The rule for exporting the URL is: a Zotero URL goes into ‘opt_url’ instead of ‘url’ for all resources which are of the type “book”, “thesis” or “book section” or for other resources which have a value in the “pages” field. This will mostly do the right thing, but not if you catalog resources which have both a citable URL and a page range. It does what I want. Instructions are included in the file for writing the URL to the BibTeX ‘url’ field (Zotero’s standard behavior).

Note that although I also added the import of ‘opt_url’ into Zotero’s URL field, this won’t happen automatically for you even after you install this file, since Zotero still uses its stock BibTeX translator for import. You may have to replace that one with this. (I haven’t tested it). Unless you do this you won’t be able to re-import those URL’s stored in the ‘opt_url’ field, so no data round-tripping. In practice you can’t expect decent data round-tripping since Zotero export to BibTeX is by nature lossy. (Zotero stores more information than BibTeX).

Use some care: I haven’t yet been able to figure out how Zotero decides which translator to use for BibTeX import. These edited copies reside in the same directory as your stock BibTeX import file, and I can’t that Zotero will use its stock importer by default. Nor do I know how to force it to use an edited one. At the moment, this doesn’t matter much, since (but for my addition of a facility to import the opt_url field) the importers are all the same. But potential conflict this is something to be aware of if and as the Zotero stock BibTeX import/export develops.

To Use

Download one of the BibTeX-xxxxx.js files. At the moment there are two:

Alternately you can clone the repository, which contains proposed patches for Zotero, test data, and sample outputs for each of the exporters.
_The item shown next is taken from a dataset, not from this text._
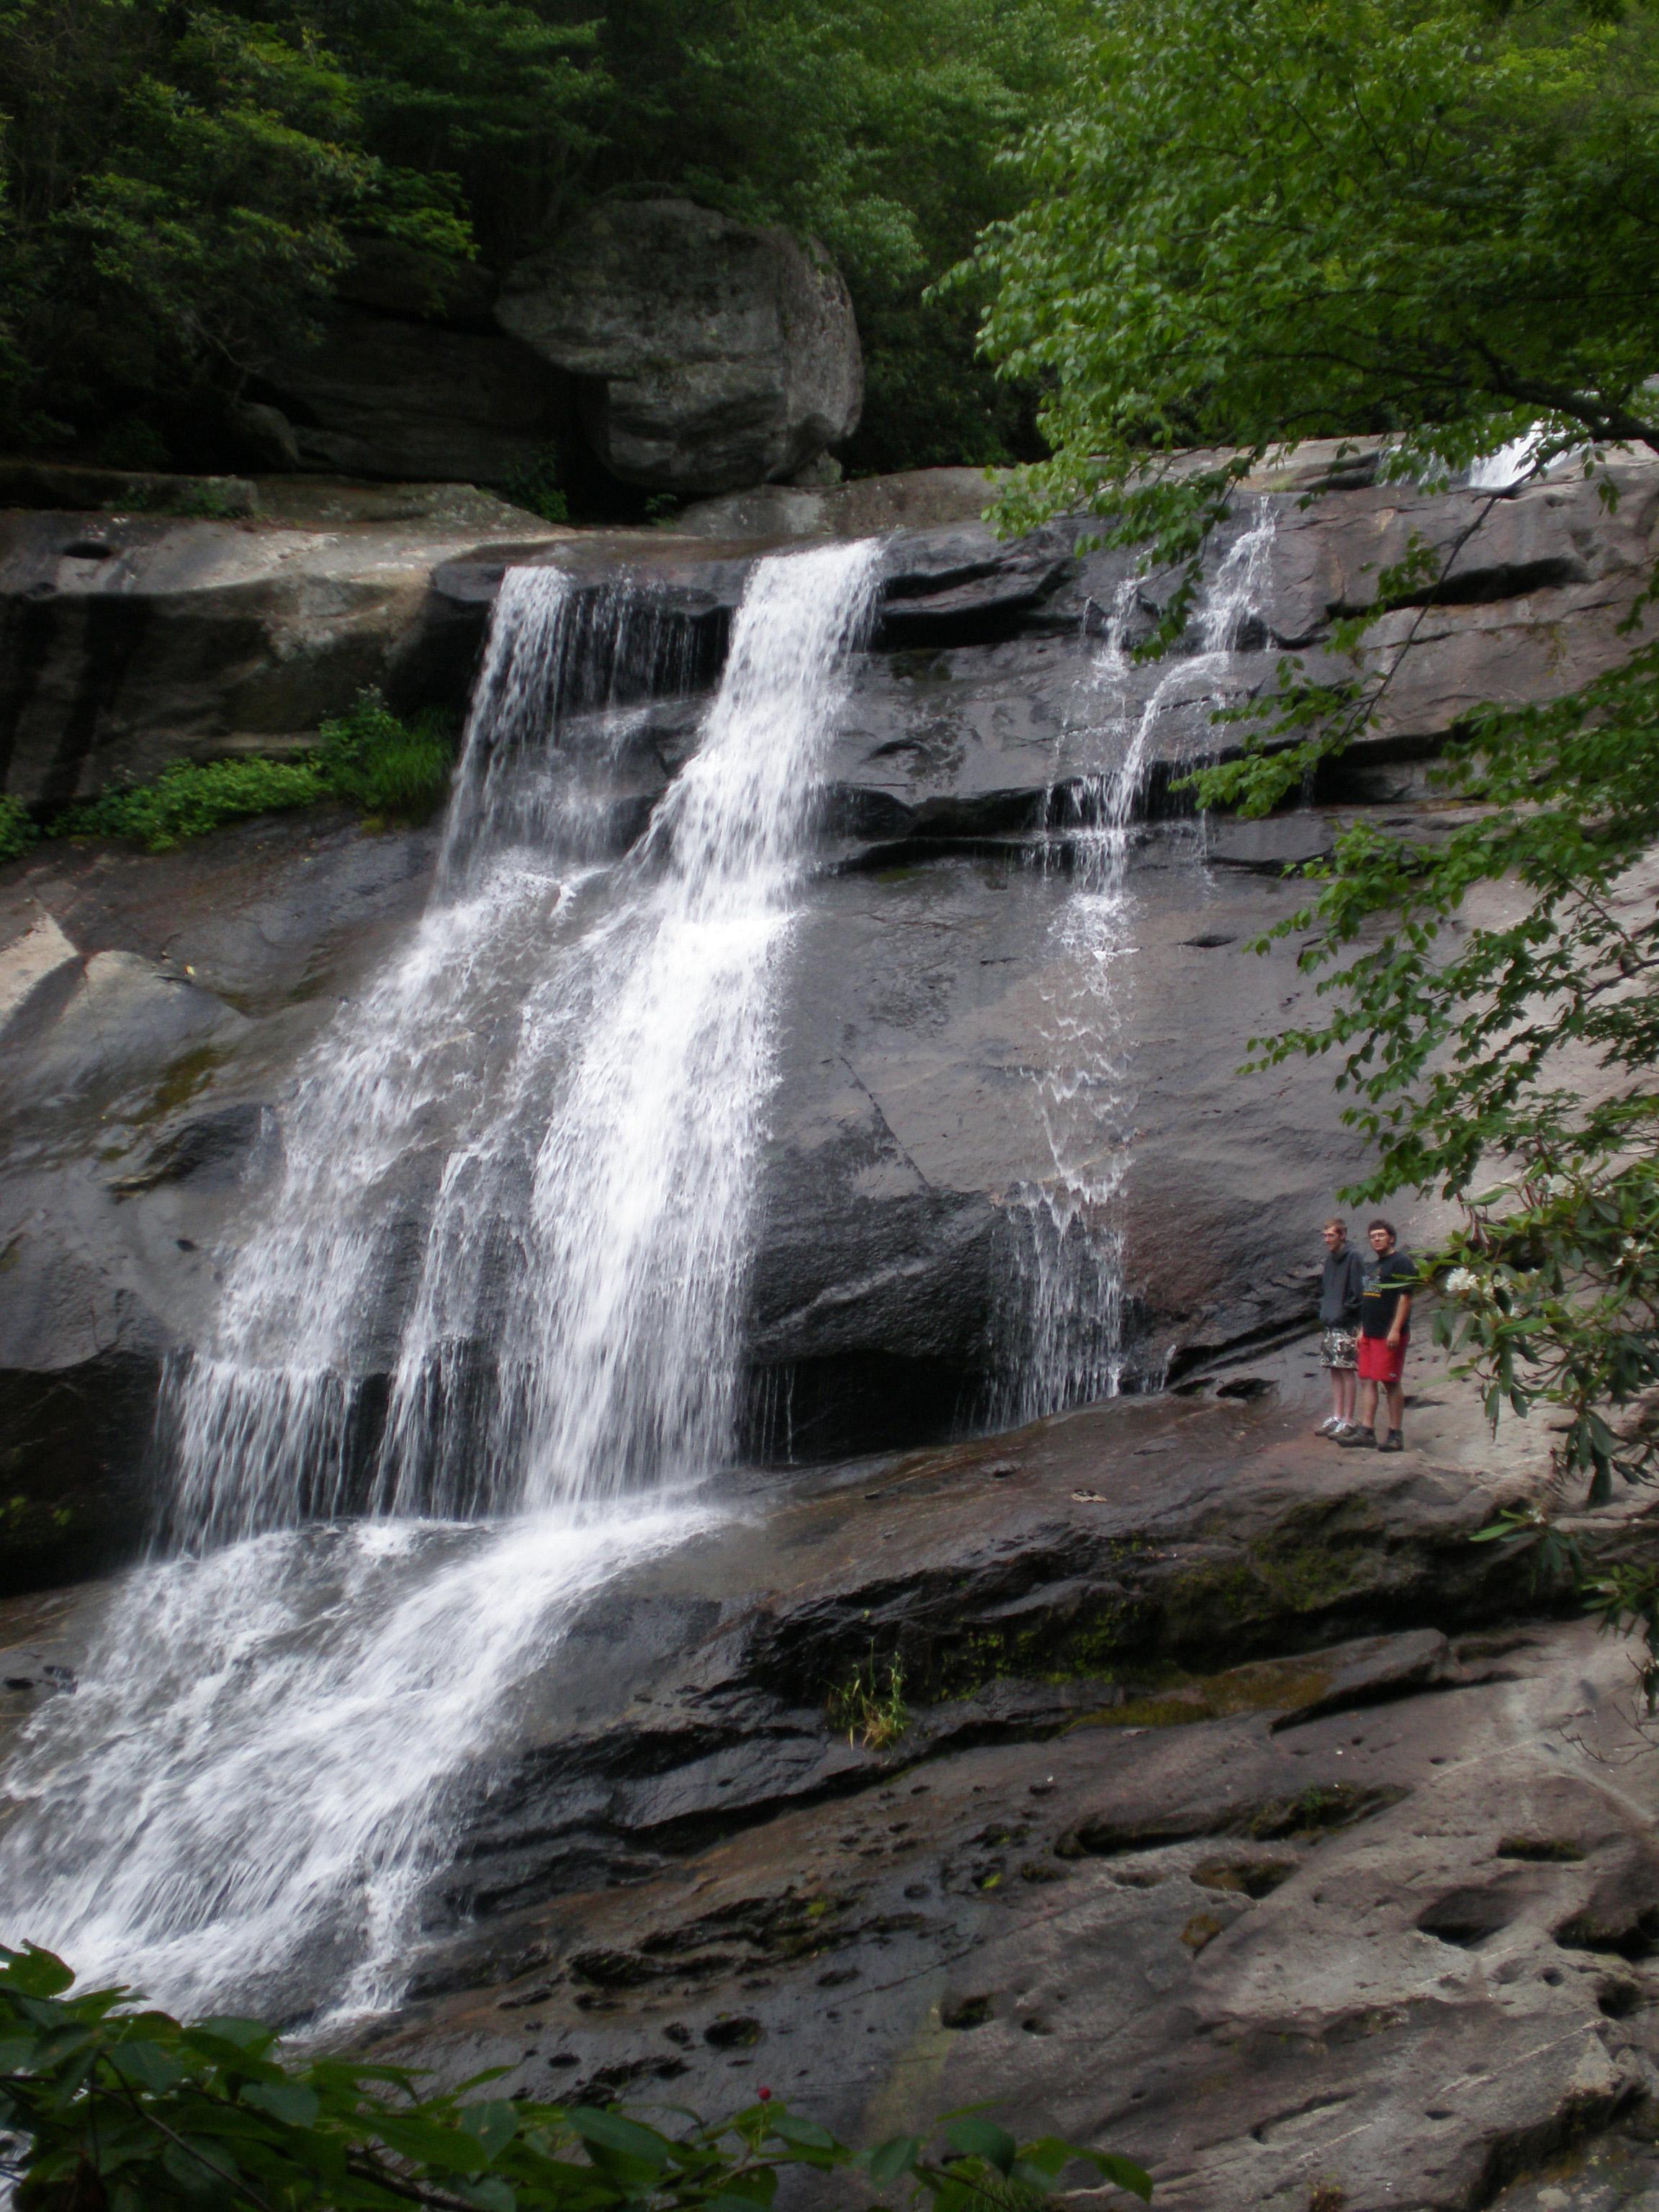 Waterfall near Blowing Rock, NC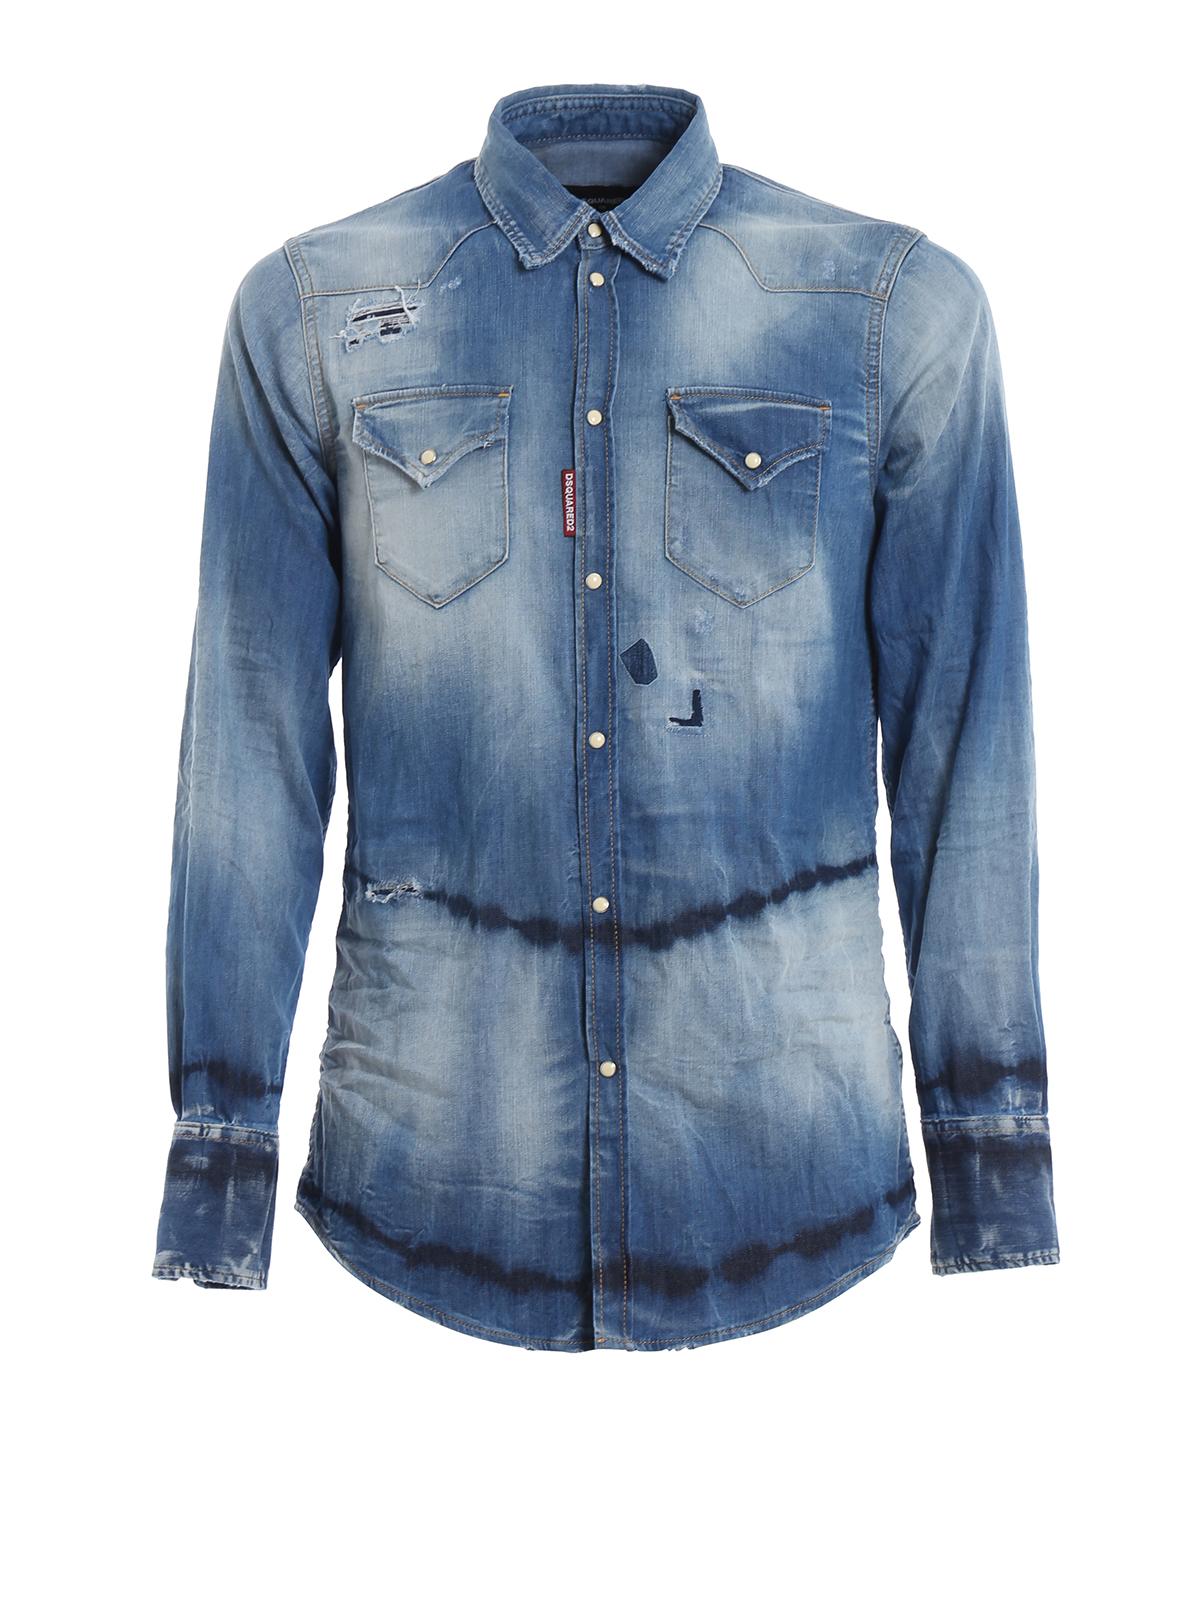 037b296402 Dsquared2 - Bleached denim shirt - shirts - S71DM0288S30341470 ...

git clone git@github.com:commonman/zotero-bibtex-sb.git

Then, drop your choice of BibTeX-xxxxxx.js files into your zotero/translators directory, which is usually within your Firefox profile. To find out where your zotero data directory is, look in:

Zotero Preferences –> Advanced –> Show Data Directory

The ‘translators’ directory is inside that. When you restart Firefox, the new translator will be available when you export.

Yet To Do

  • Add a function to ascii-ize the author’s last name and title words of the key rather than just removing the non-ascii letters (which makes for ugly keys when citing names and titles that have diacriticals).
  • Add the ability to specify what fields do/don’t get exported as a variable at the top of the file
  • Remove HTML markup from ‘notes’ field. At the moment, I get ugly LaTeXification of HTML. With junk like this: {\textless}p{\textgreater}

Yuk.

Wish I could do but probably can’t

  • Add a link to the attached files in Zotero’s storage directory. I’ve looked at the code for this in a few other exporters, but I can’t grok it. If anyone has any ideas how to add this, I’d be happy to hear about it.

Roll your own

These files consist only of modified versions of Zotero’s standard BibTeX export file, which you can find in ‘[firefox-profile-dir]/zotero/translators/BibTeX.js’ If you want to change anything, you can edit the Javascript yourself. This is a little daunting if you’ve never done it before, but it’s not rocket science either. Have a look at the versions here—especially in a text editor that does syntax highlighting. These versions are commented to given some guidance to non-Javascripters in further modifications.

Of course if you do this, you should keep good backups of your Zotero data. Nothing should happen during export to corrupt your data normally, but be warned. Neither I nor (especially) the Zotero developers take responsibility for your data in any case. We take even less if you take things into your own hands. There.

If you want to make your own BibTeX exporter which will show up separately in the export list in Zotero (as opposed to modifying this one), do this:

(1) Start with the stock BibTeX.js file, or my BibTeX-LowFat.js (which at the moment is better commented)

(2) In a decent editor, change the “label” in the header to a name you like: (e.g. “BibTeX (My Prefs)”).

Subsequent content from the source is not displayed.